Margaret Dueck (centre), and her family walk a difficult journey as Margaret lives with the devastating effects of an incurable disease. Photo courtesy Lorna Dueck.

Pressing on to choose life over death

"We wait for God to take our life from us"

There is still much to be decided following the Supreme Court of Canada’s February 6 ruling striking down the ban on doctor-assisted suicide for suffering and “irremediable” patients.

The decision gives Parliament one year to create a new legislation that recognizes the right of consenting adults to end their lives via doctor-assisted suicide. The unanimous ruling prompted responses of joy and sadness on both sides of the debate.

Margaret Somerville, founding director at the McGill Centre for Medicine, Ethics and Law, says the Court’s decision is a seismic shift in one of Canada’s most important foundational values—the respect for human life.

“This is not an incremental change and a small extension of already ethically and legally accepted medical interventions, as the Supreme Court indicates it is,” Somerville says. “I believe that future generations will look back on this decision, in the light of its future consequences, as the most important, harmful and regrettable ethical, legal and public policy decisions of the 21st century.”

Somerville maintains religion plays a role in why she believes the Court’s decision is a mistake.

“Without religion it is very difficult to find any meaning in suffering and that means suffering people cannot find any meaning in life, so there’s no point in going on living,” Somerville says.

Lorna Dueck and her family have had experience wrestling with questions of ethics and suffering.
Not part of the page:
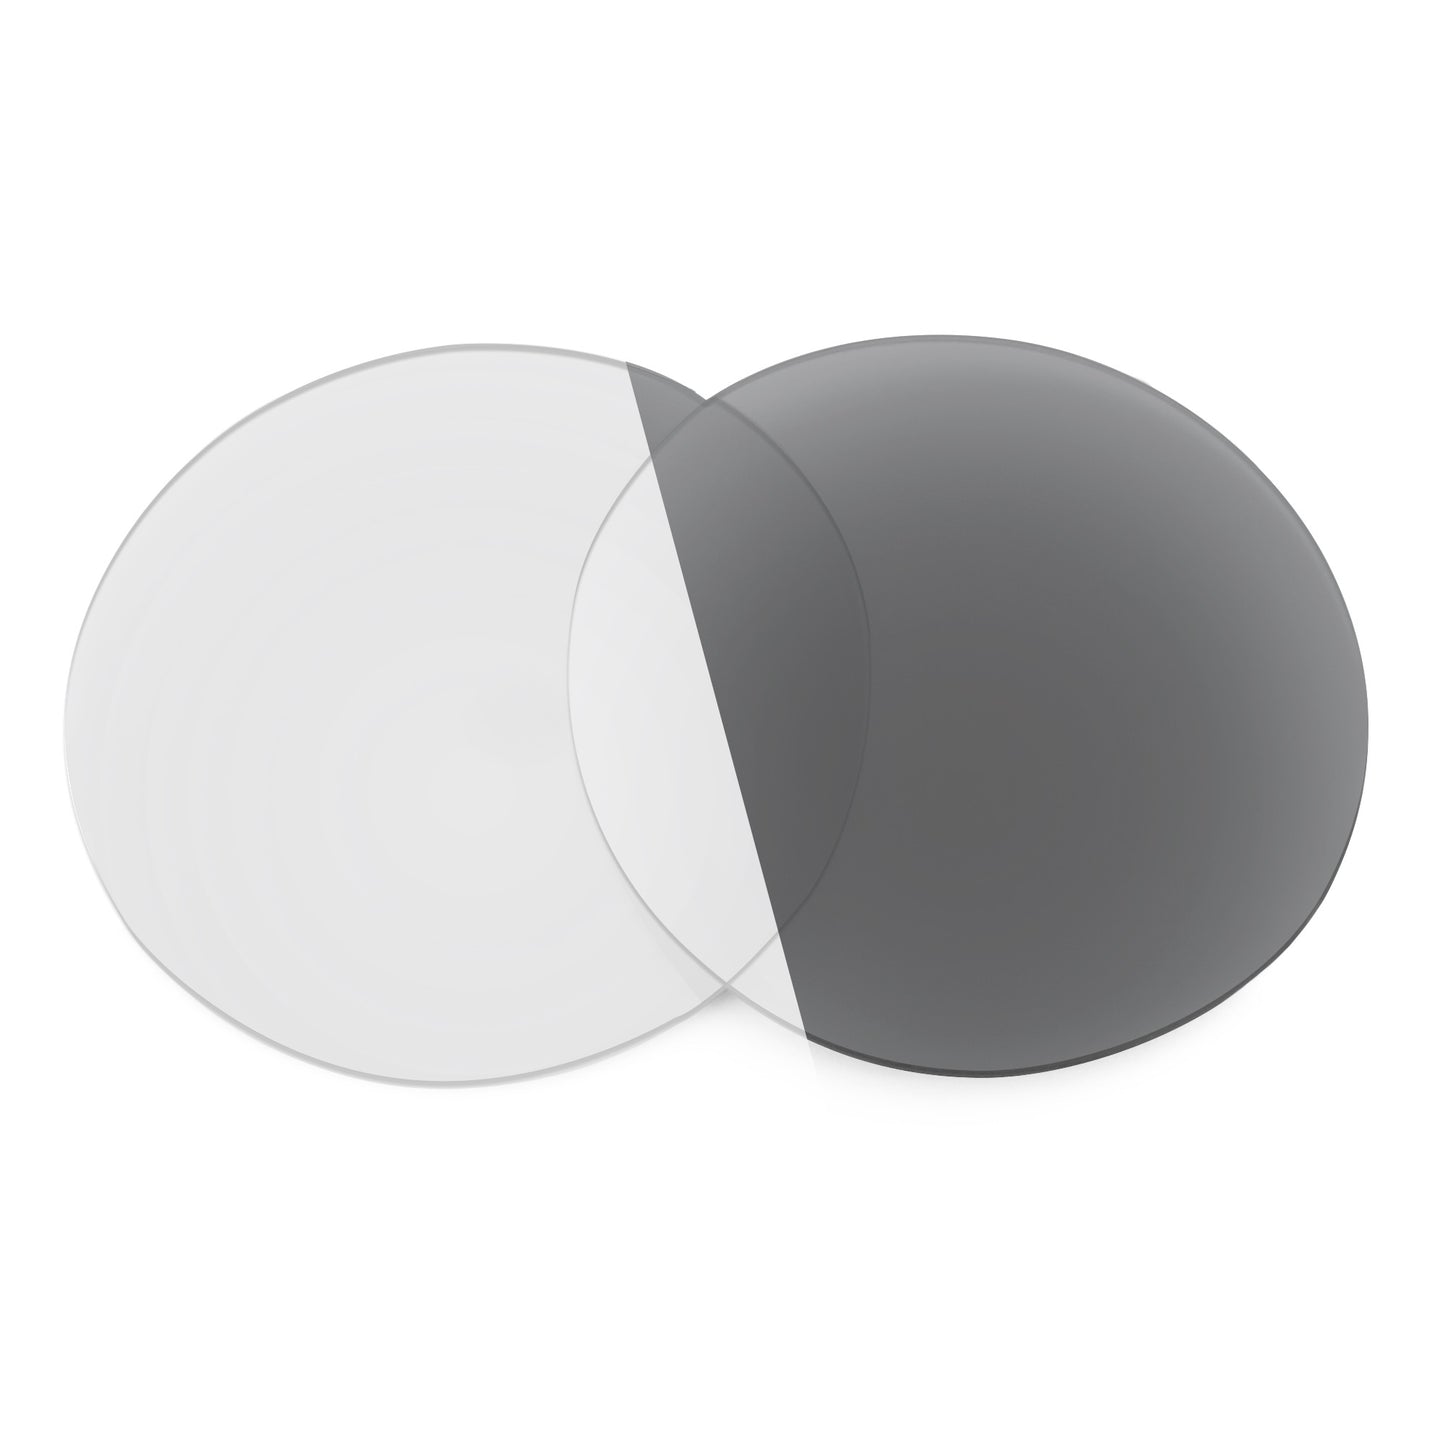 Revant replacement lenses for Ray-Ban Sidestreet W2319 (B&L) 50mm Non-Polarized Adapt Gray Photochromic

Dueck’s sister-in-law, Margaret, suffers from Multiple Systems Atrophy, the same condition that afflicted Susan Griffiths, a 72-year-old Winnipeg woman who went to Switzerland to die by doctor-assisted-suicide.
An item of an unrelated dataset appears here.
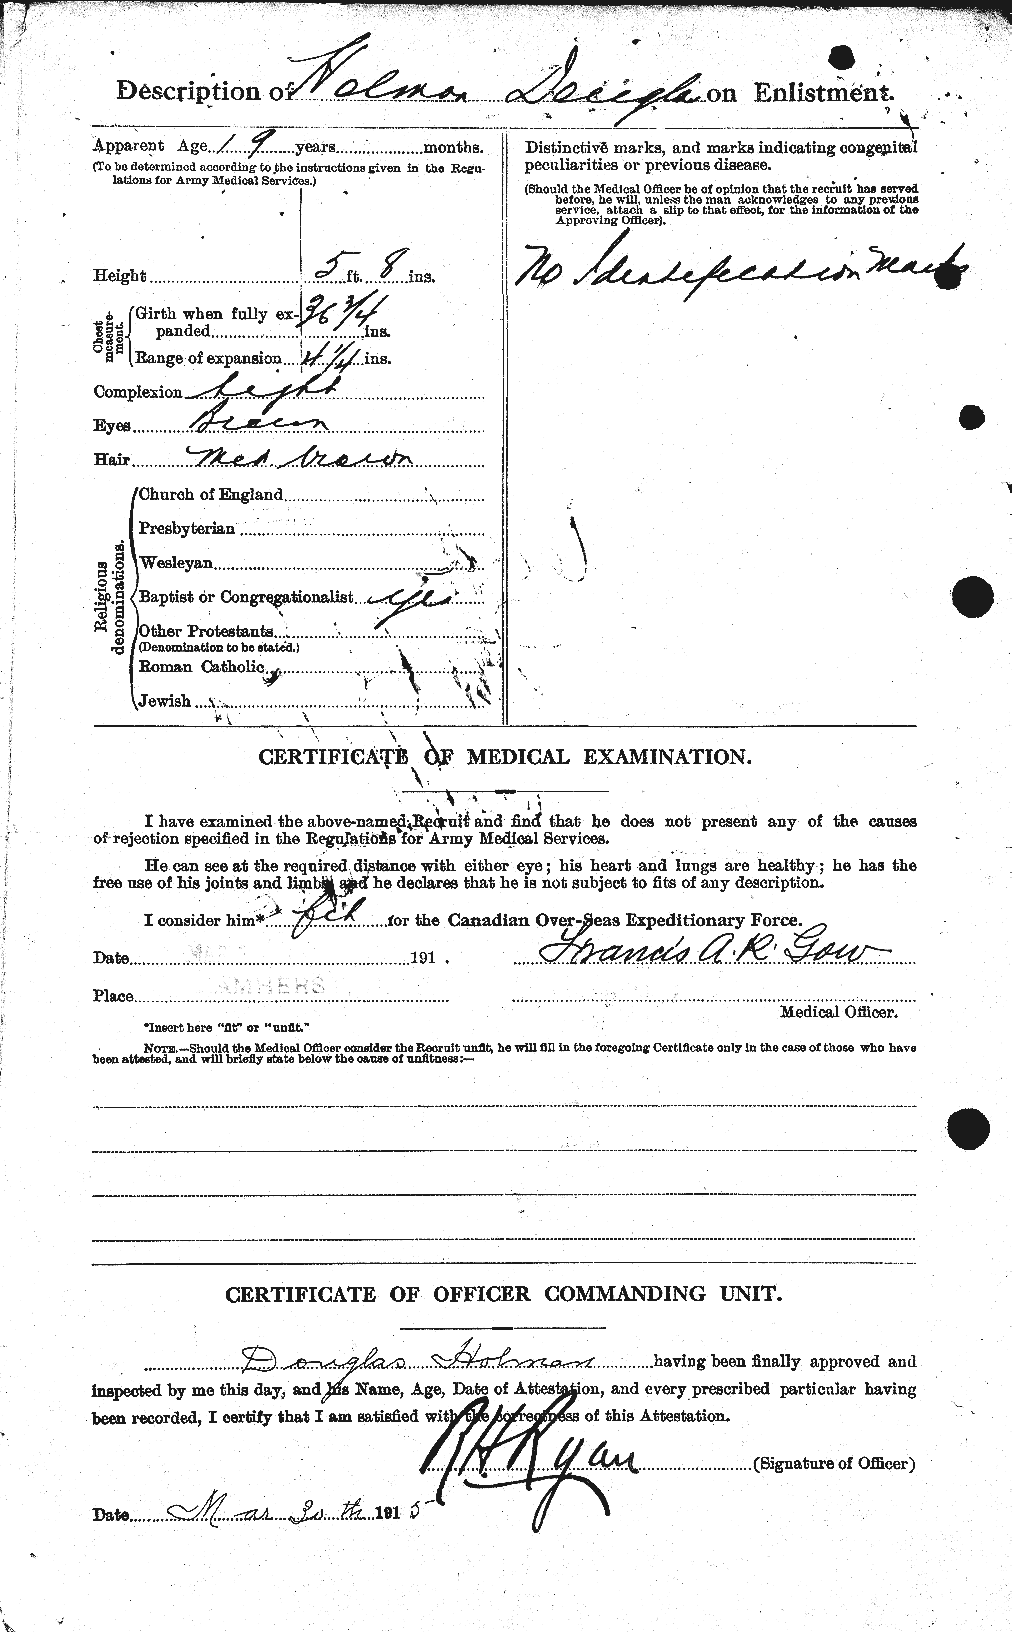 Personnel Records of the First World War - CEF 400212b

“Marg is a deeply private woman, but as she grew weaker with her incurable disease, she grew distressed at all the stories in the media that were pro-suicide for people like her,” Dueck says. “She wanted people to see that God is good even in suffering.”

In an interview done through a combination of an iPad and Margaret’s husband’s translation, Margaret says, “Ben [her husband] and my kids’ love for me will help me face tomorrow... we love each other and we put our trust in God who has made us.”

Dueck, the executive producer and host of “Context with Lorna Dueck,” a faith-based current affairs program, says her sister-in-law’s disease not only brought their family together, but encouraged the need to see the beauty of what is intrinsically true; that it is better to love and serve through suffering than to die.

Dueck is concerned about what impact this ruling will have on how people view medicine in Canada.

“Never before have we expected doctors, and nurses, to kill upon request,” Dueck says. “Imagine looking at your schedule for the day and seeing ‘4 p.m., kill Mrs. Smith.’ There is no profession in our land that has ever faced such work and I think psychologically we are putting unrealistic stress on our medical profession.”

Dueck says Christians should be following Jesus’ example. “Christ said, ‘Father, into your hands I commit my spirit,’” says Dueck, “and this following the anguished request of ‘if you are willing, take this cup from me; yet not my will, but yours be done.’

“This has been our model for why we do not take our own lives; we wait for God to take our life from us.”